═════ PROVIDED RECORDS ═════

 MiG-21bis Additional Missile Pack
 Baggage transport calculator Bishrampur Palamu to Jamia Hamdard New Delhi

═════
═════ PROVIDED RECORDS ═════

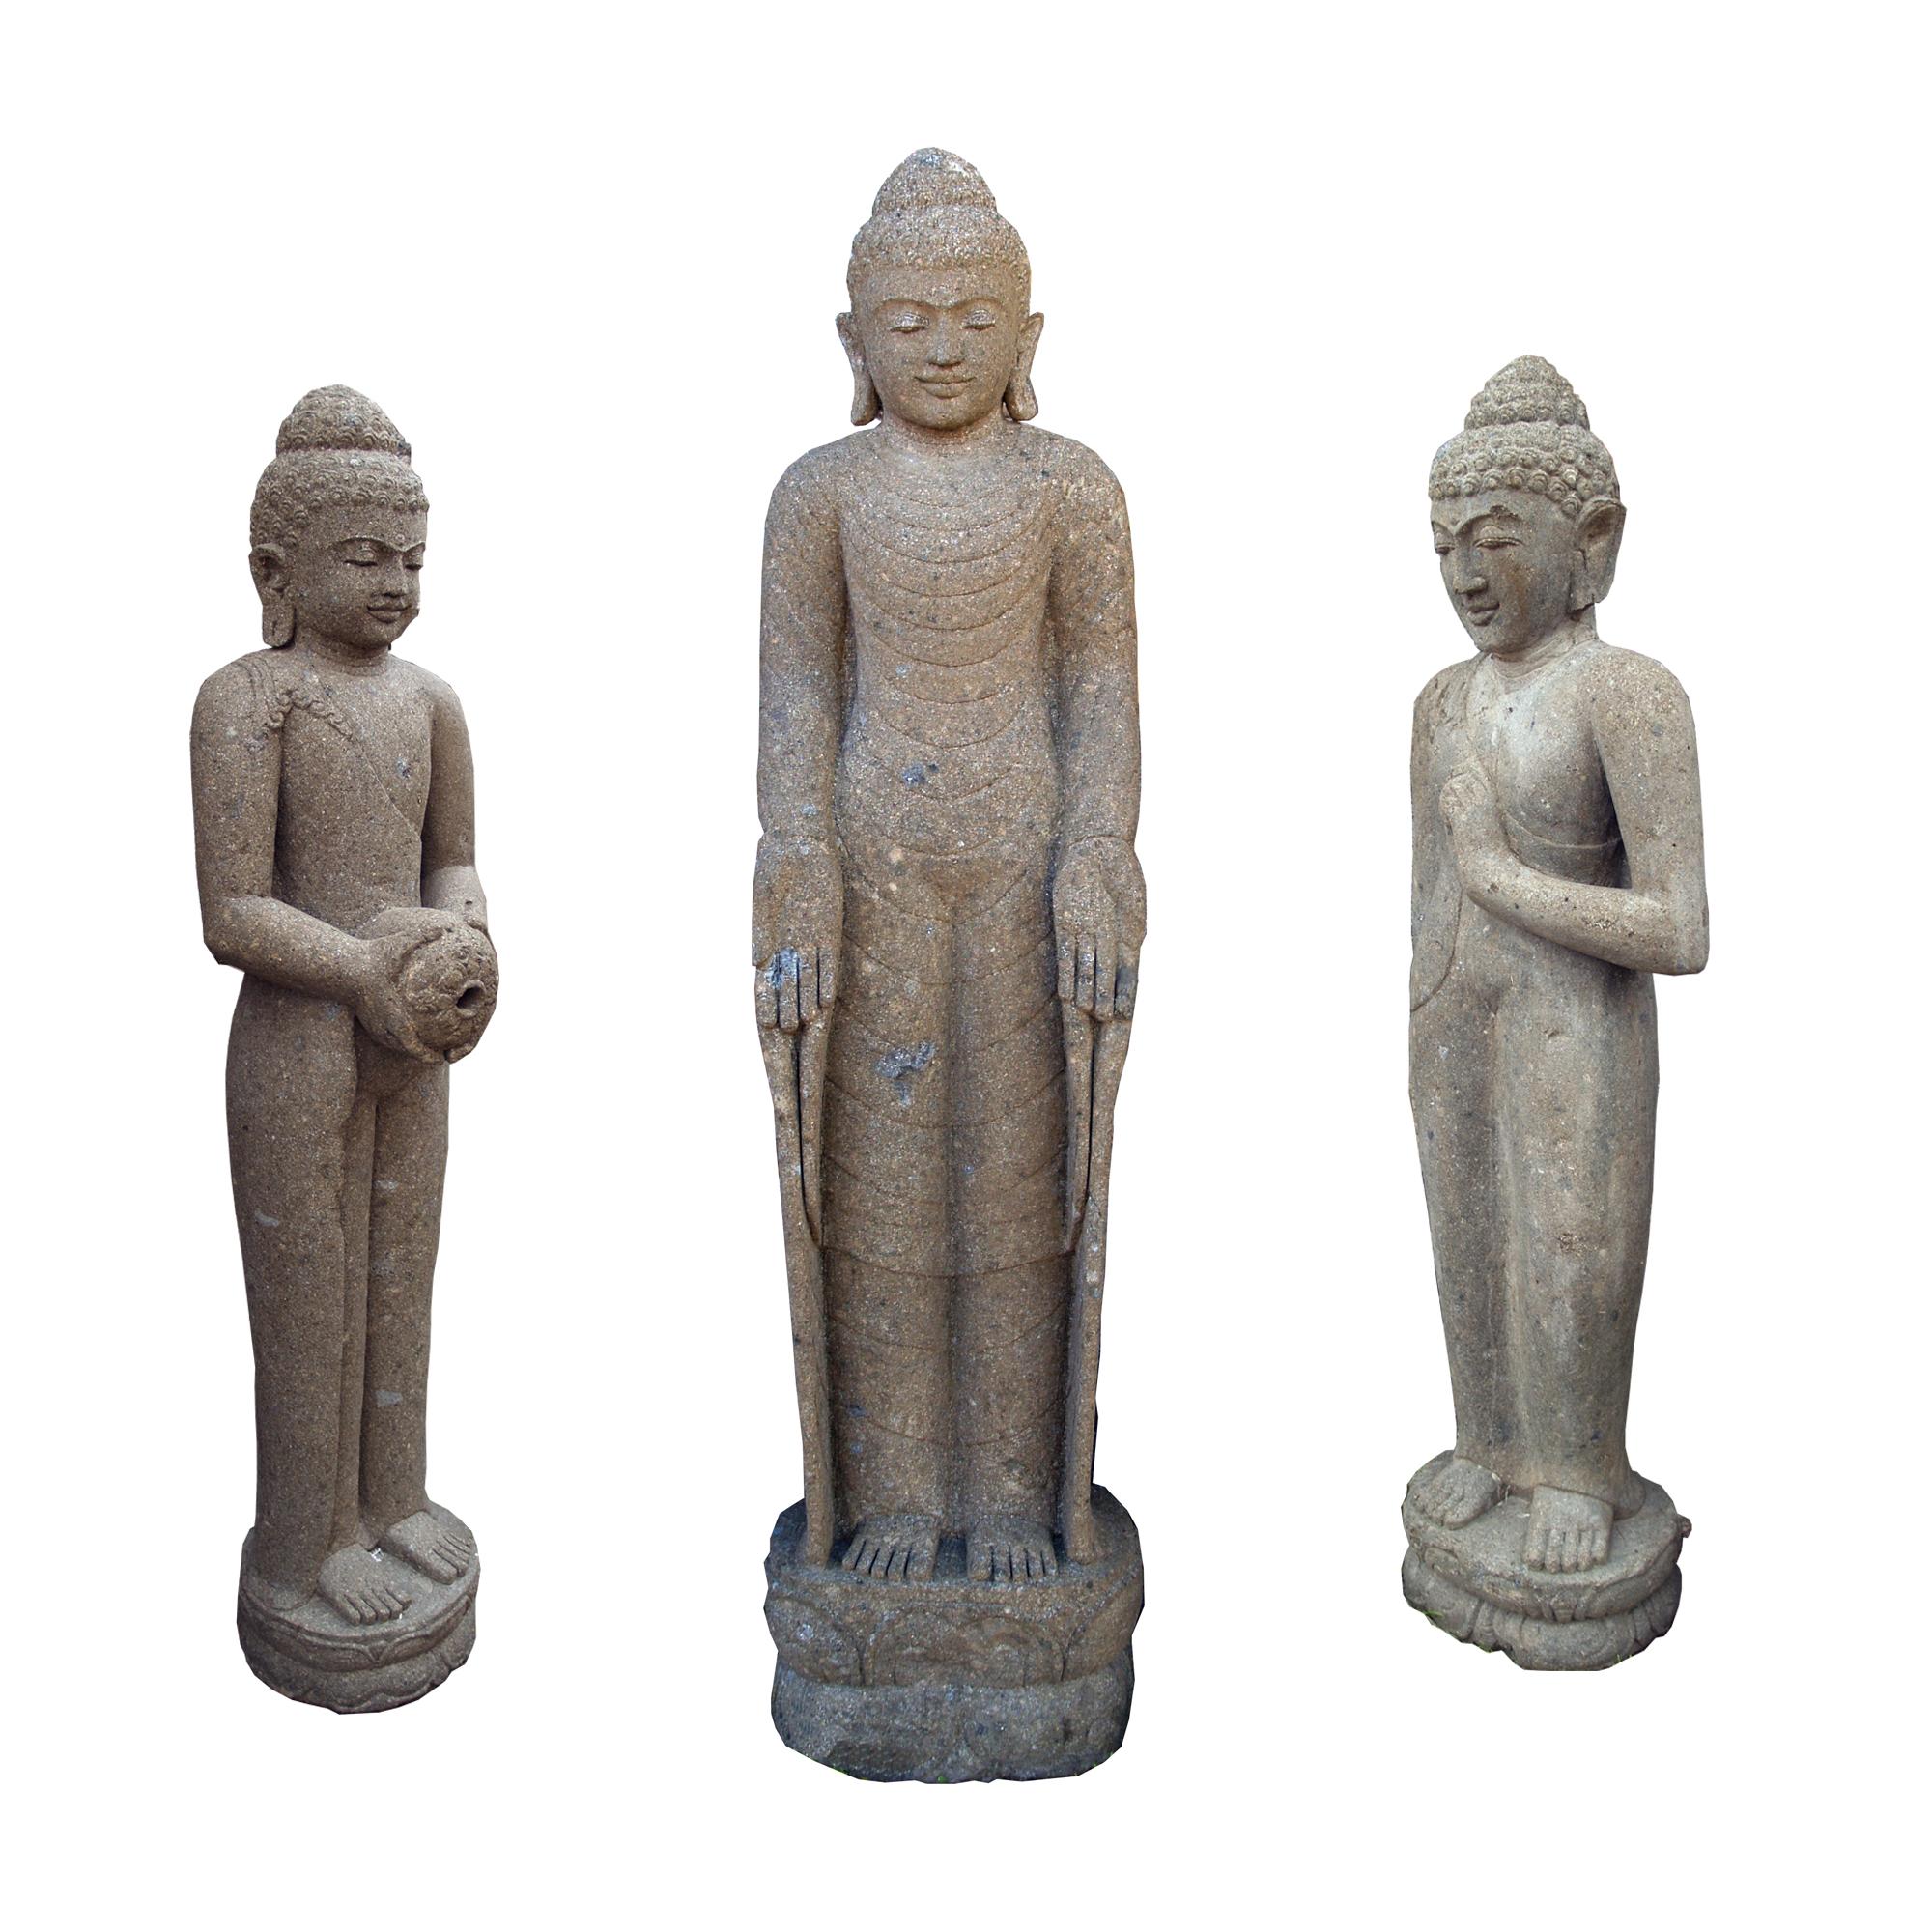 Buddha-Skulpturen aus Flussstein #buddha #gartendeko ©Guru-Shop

═════

▶ _PROBLEM STATEMENT_:
Retype exactly, and only, the lines above from the one where "MiG-21bis Additional Missile Pack" occurs up to and including the one where "Baggage transport calculator" occurs.

▶ _EXERCISE RESULT_:
 MiG-21bis Additional Missile Pack
 Baggage transport calculator Bishrampur Palamu to Jamia Hamdard New Delhi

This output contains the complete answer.